• **YOUR OBJECTIVE**
The output should contain the listing word for word and no pictures.

• **DATA SHOWN**
:::::

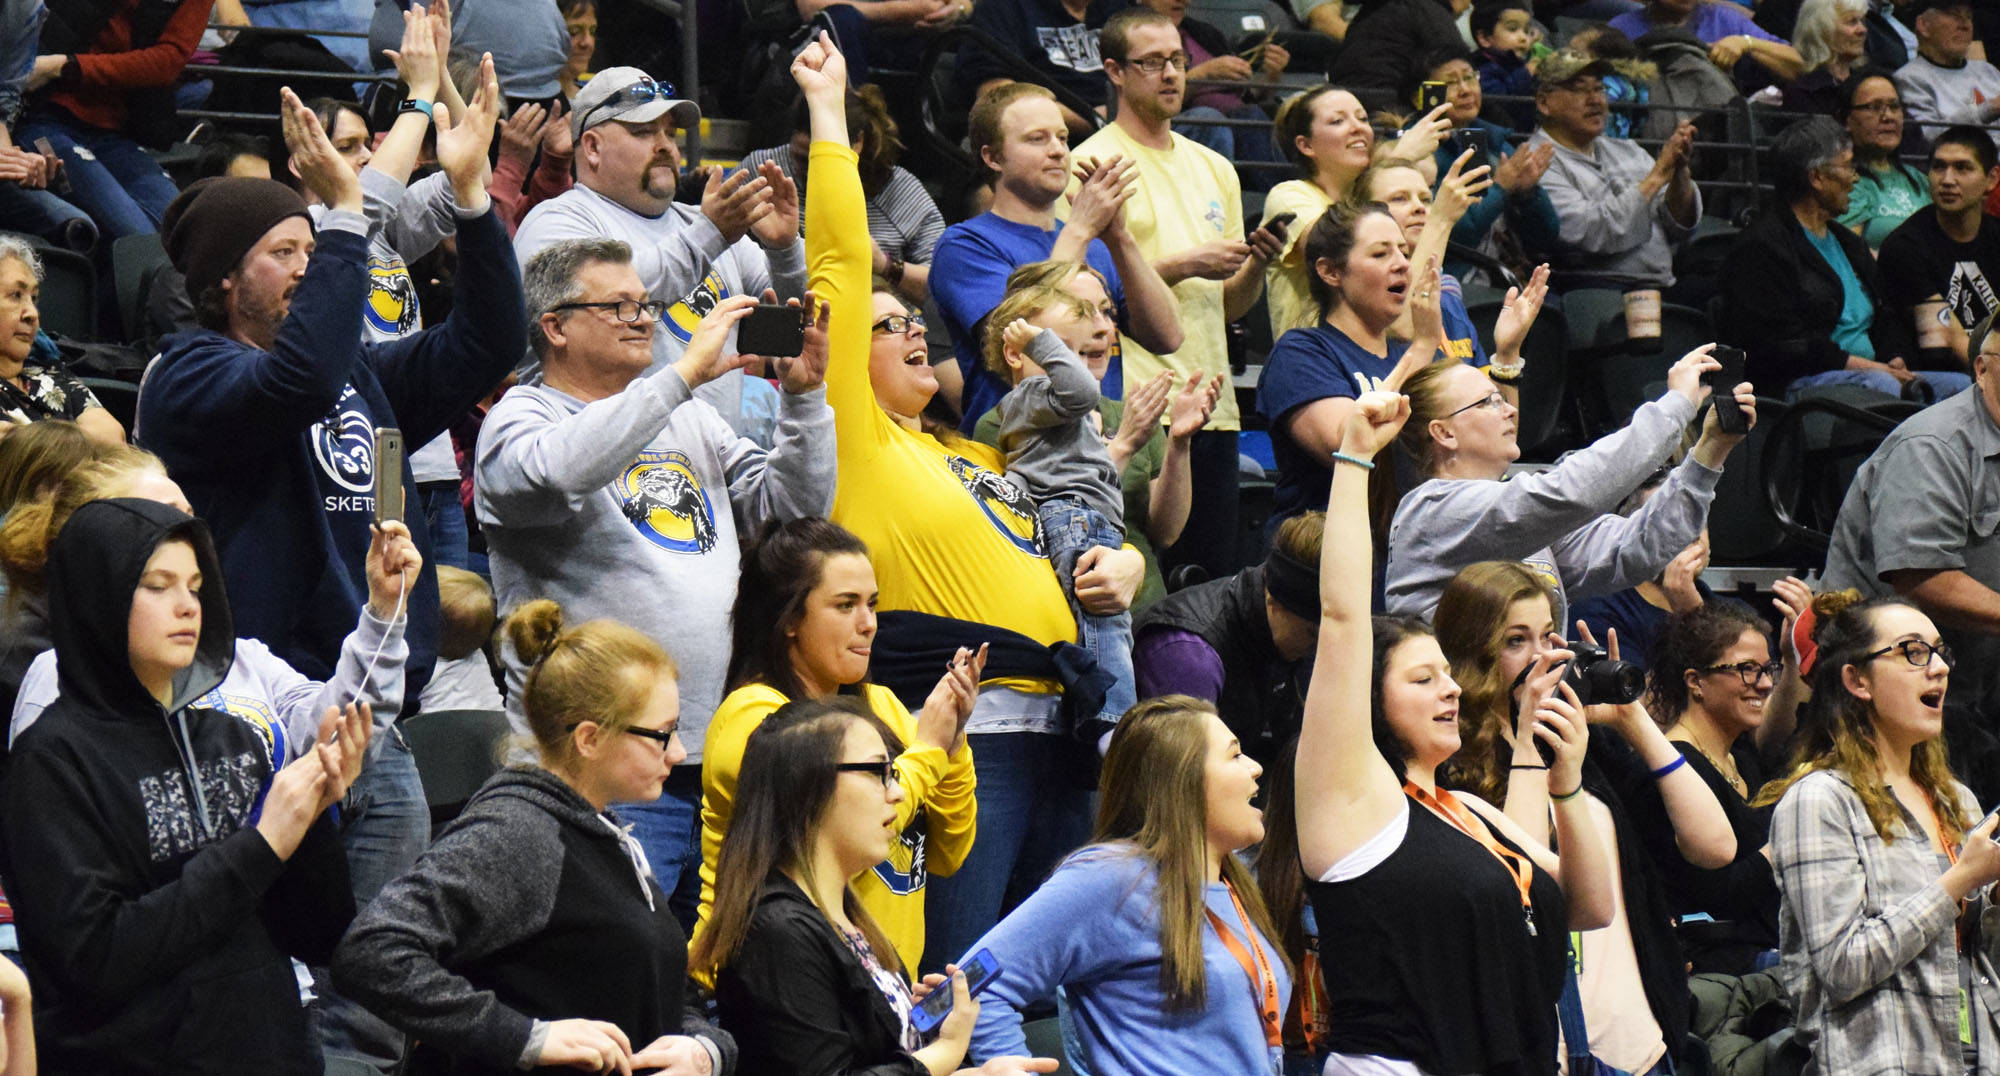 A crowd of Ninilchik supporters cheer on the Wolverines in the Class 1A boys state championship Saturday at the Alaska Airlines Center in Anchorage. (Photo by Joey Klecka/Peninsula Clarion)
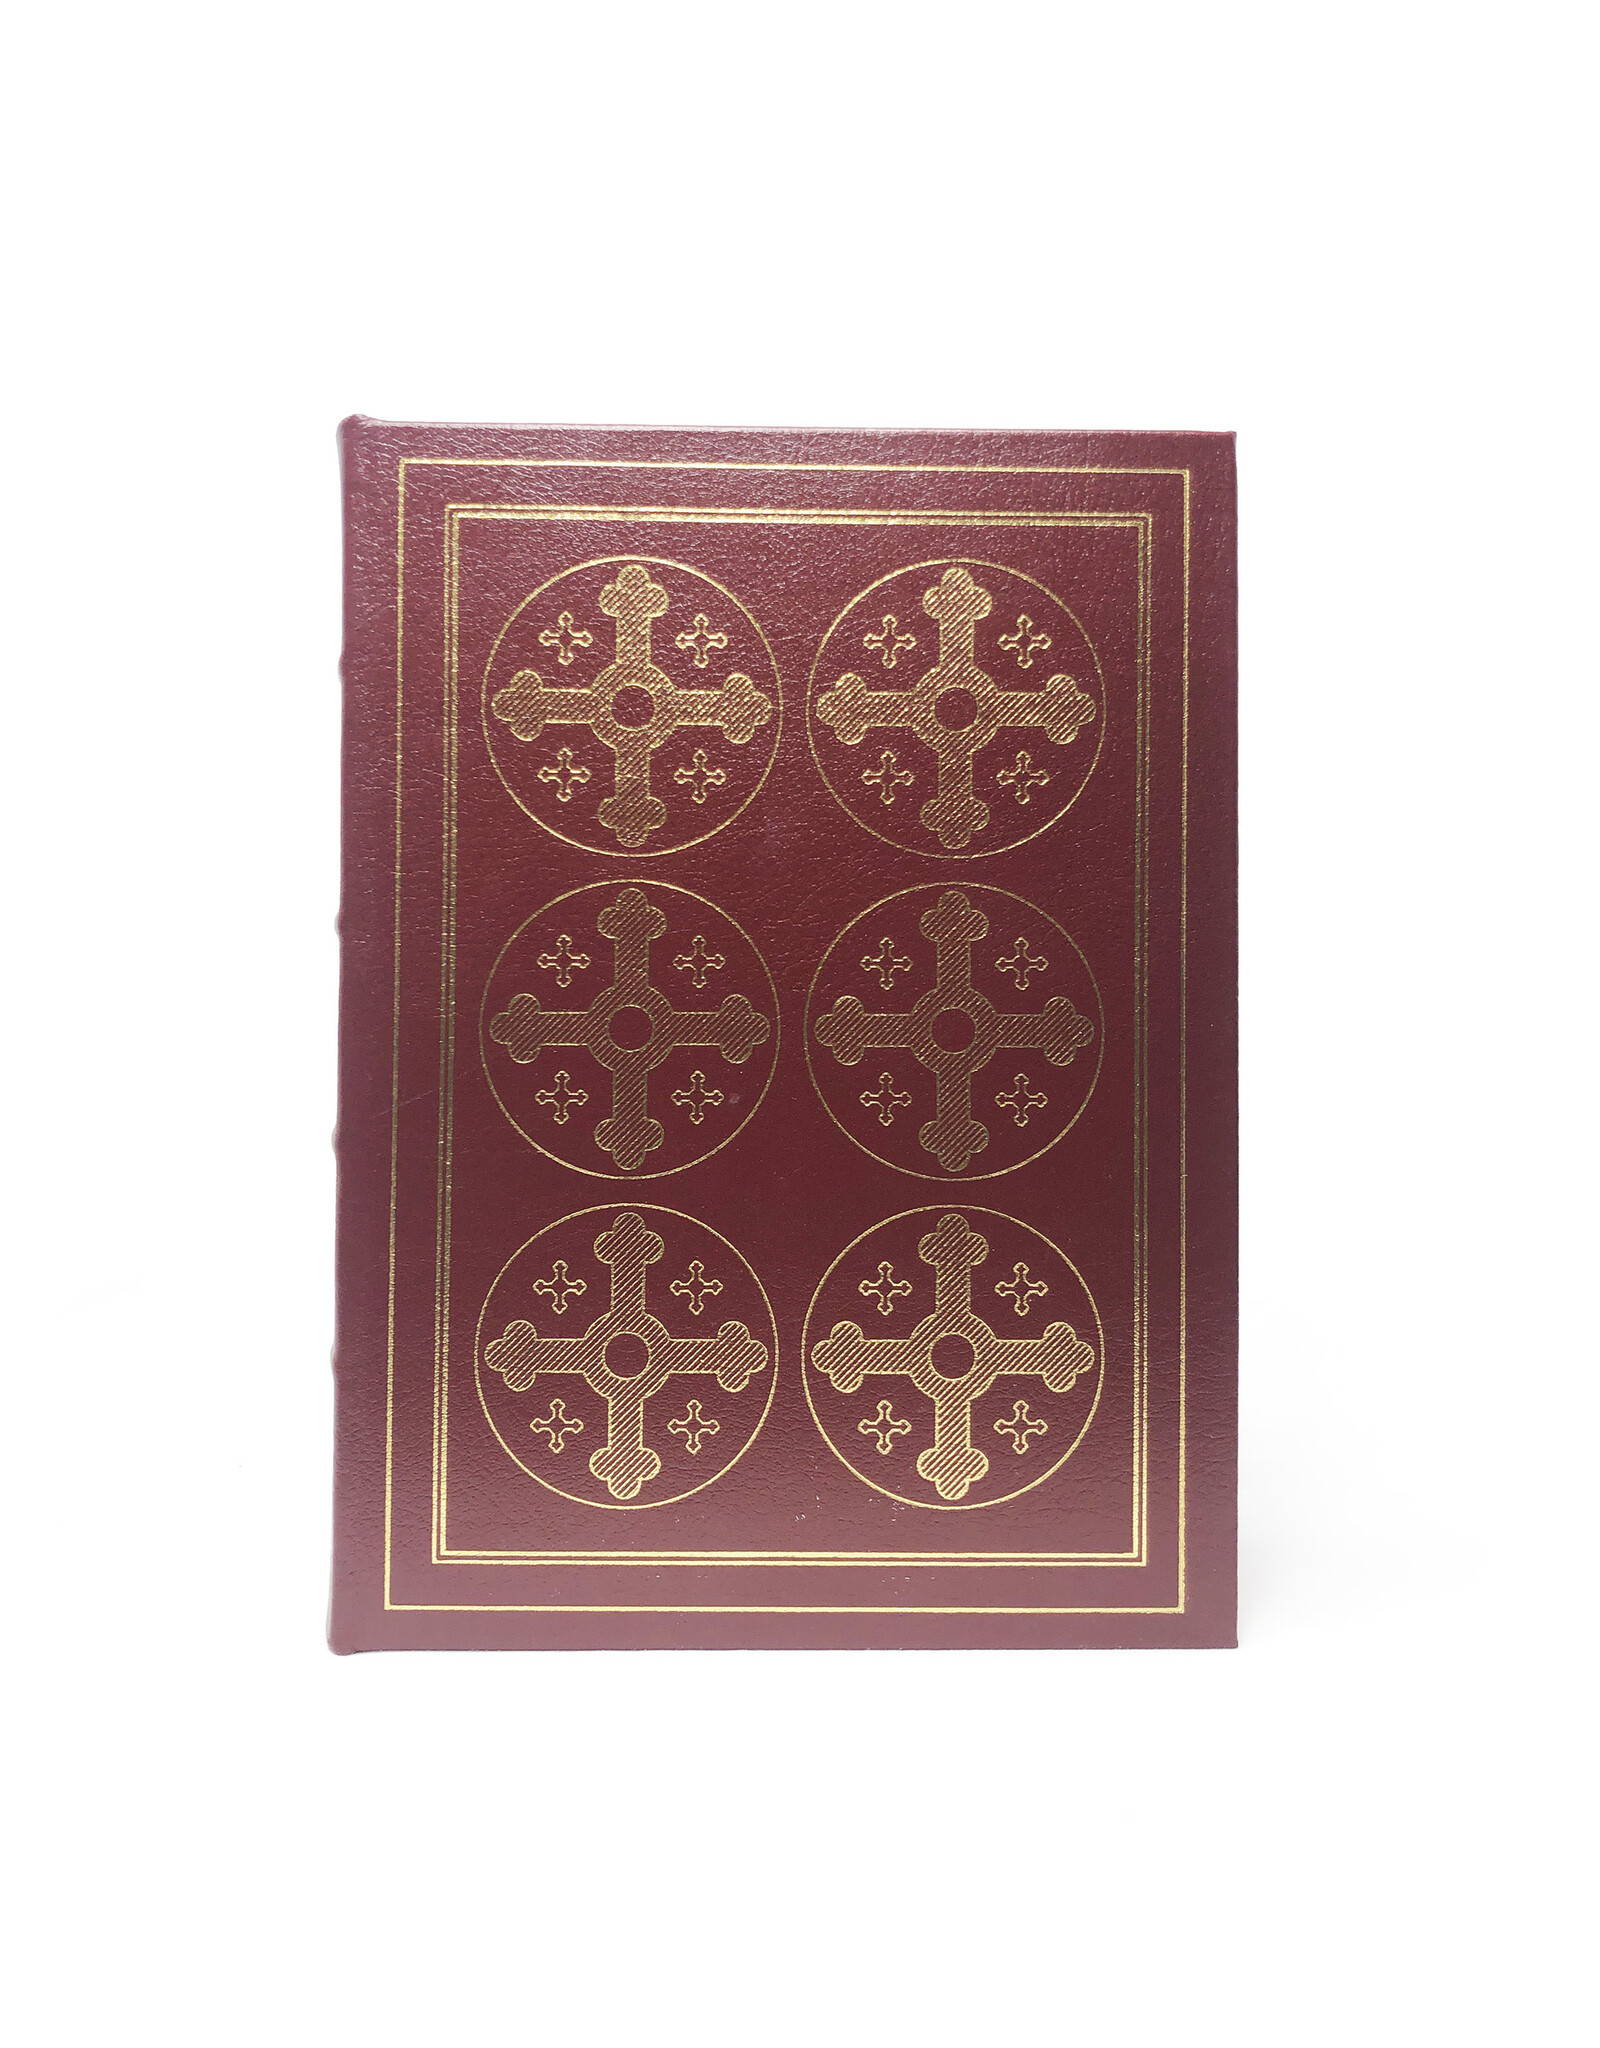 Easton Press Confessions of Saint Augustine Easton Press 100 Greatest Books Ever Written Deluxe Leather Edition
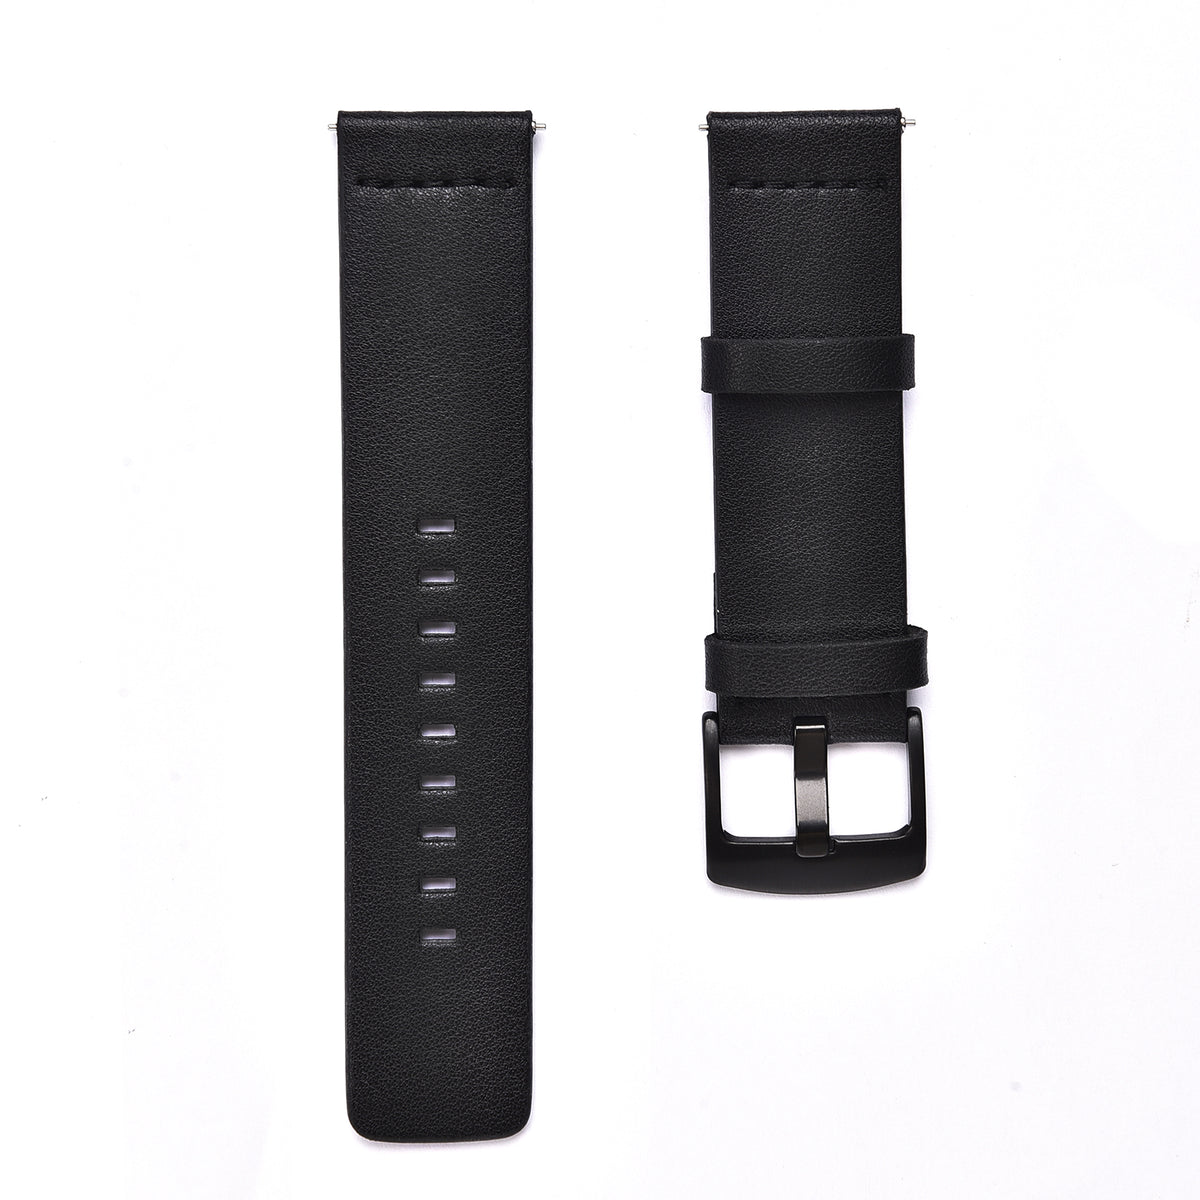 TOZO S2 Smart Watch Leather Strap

:::::

• **YOUR SOLUTION**
 A crowd of Ninilchik supporters cheer on the Wolverines in the Class 1A boys state championship Saturday at the Alaska Airlines Center in Anchorage. (Photo by Joey Klecka/Peninsula Clarion)
 Easton Press Confessions of Saint Augustine Easton Press 100 Greatest Books Ever Written Deluxe Leather Edition
 TOZO S2 Smart Watch Leather Strap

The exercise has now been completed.